Subtitled “How Our Love of Storytelling Builds Societies and Tears Them Down” (Basic Books, Nov. 2021, 258pp, including 64p of acknowledgements, references, notes, and index.)

It seems to be a rule these days — though it’s easy to think of similar examples from decades ago — that nonfiction writers leaven their serious messages with anecdotes not just about others, but from their own personal lives. Wilson did; Ahn did; and here Gottschalk does. (Actually, that’s one thing Snyder complained about; oops.) In terms of conceptual value for the reading effort, this one is closer to Wilson than to Ahn.

This is a companion to the author’s earlier book, THE STORYTELLING ANIMAL (2012), which I reviewed here.

Rather than summarizing chapter by chapter, I’m going to reread my notes and just compile key points. As always, personal asides are noted in [[ double brackets ]].

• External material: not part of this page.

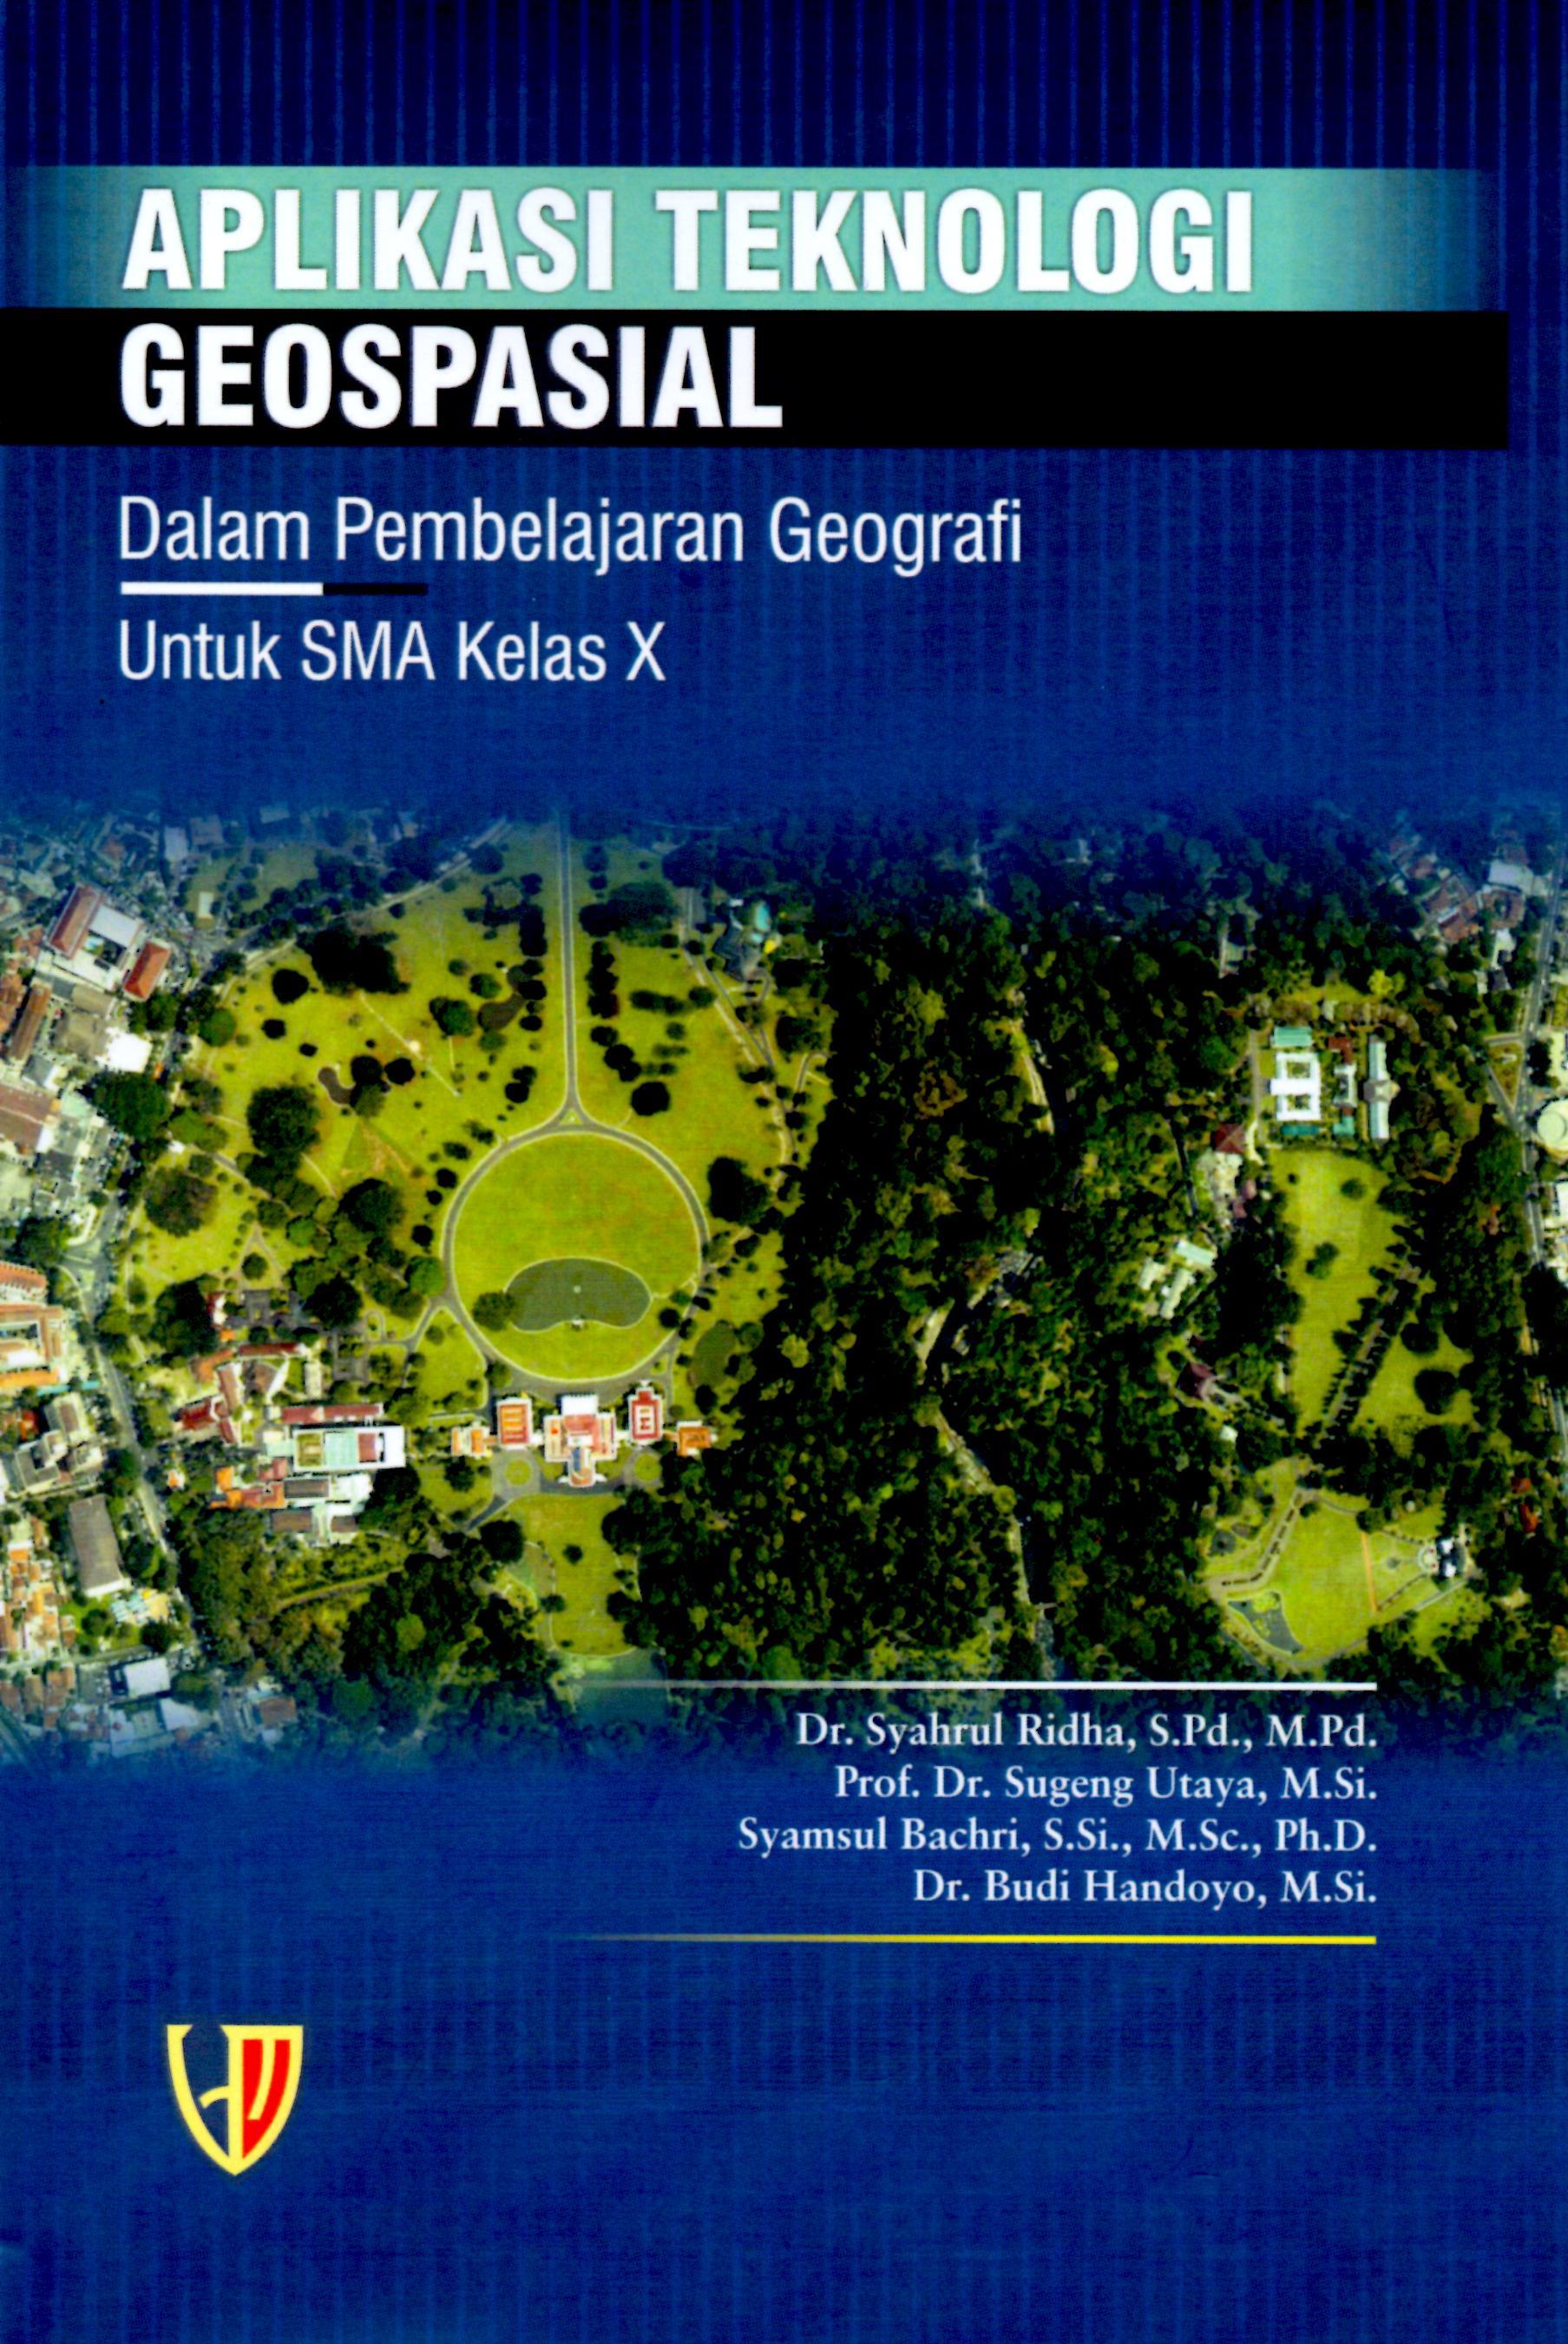 Aplikasi Teknologi Geospal dalam Pembelajaran Geografim untuk SMA Kelas X

    • The author opens (personal anecdote!) with visiting a bar, getting drunk, and noticing that everyone in the room was flapping their mouths. What was that all about? Why do people talk so much? His revelation: it’s all about “sway.” People trying to persuade others to their point of view. For any number of reasons. [[ I have to say I’ve often wondered the same; as mostly an introvert, I’m baffling by what people need to talk about with each other, incessantly. ]]
    • The central idea: stories are an essential poison; necessary, but poisonous in some circumstances. This is the story paradox. You always find some story behind every one of humanity’s greatest ills. So the question is: can we save the world *from* stories?
    • Discussing how “the storyteller rules the world,” he makes this point I hadn’t seen before. Our inner voices, “the great loquacity,” is always with us; it won’t shut up. In that sense, maybe stories *are* escapist, not from our problems, but from ourselves.
    • He goes into some detail about Plato’s The Republic, a perfect city in which, for one, storytellers would be banished, as dangerous. He understood that story is the main tool for controlling and shaping human behavior.
    • So Plato would have run poets out of town and banished emotional storytelling, censoring or trashing lots of books, including Homer. He also advocated a kind of communism, engineering by philosophical supermen, with all stories under state control. He was right that totalitarian regimes all try to control their stories. With prominent examples being church dogmas all the way to modern Christian nationalism.
    • Thus historical wars are almost always about Storyland: the struggle to impose one narrative above all others. It’s not about what’s superior (or objectively true); it’s about what propagates. Thus our modern world of fake news and confirmation bias.
    • The most contagious stories ever told are the gospels of Jesus, believed by almost no one at first, until they became the official religion of the Roman Empire. (Author cites titles by Bart D. Ehrman here, of which I’ve read at least one.) Christianity’s spread benefited from high birth rates and vast epidemics, by storytelling and missionaries, and by intolerance. It was a present-tense religion; followers expected the end of the world at any moment — so convert now!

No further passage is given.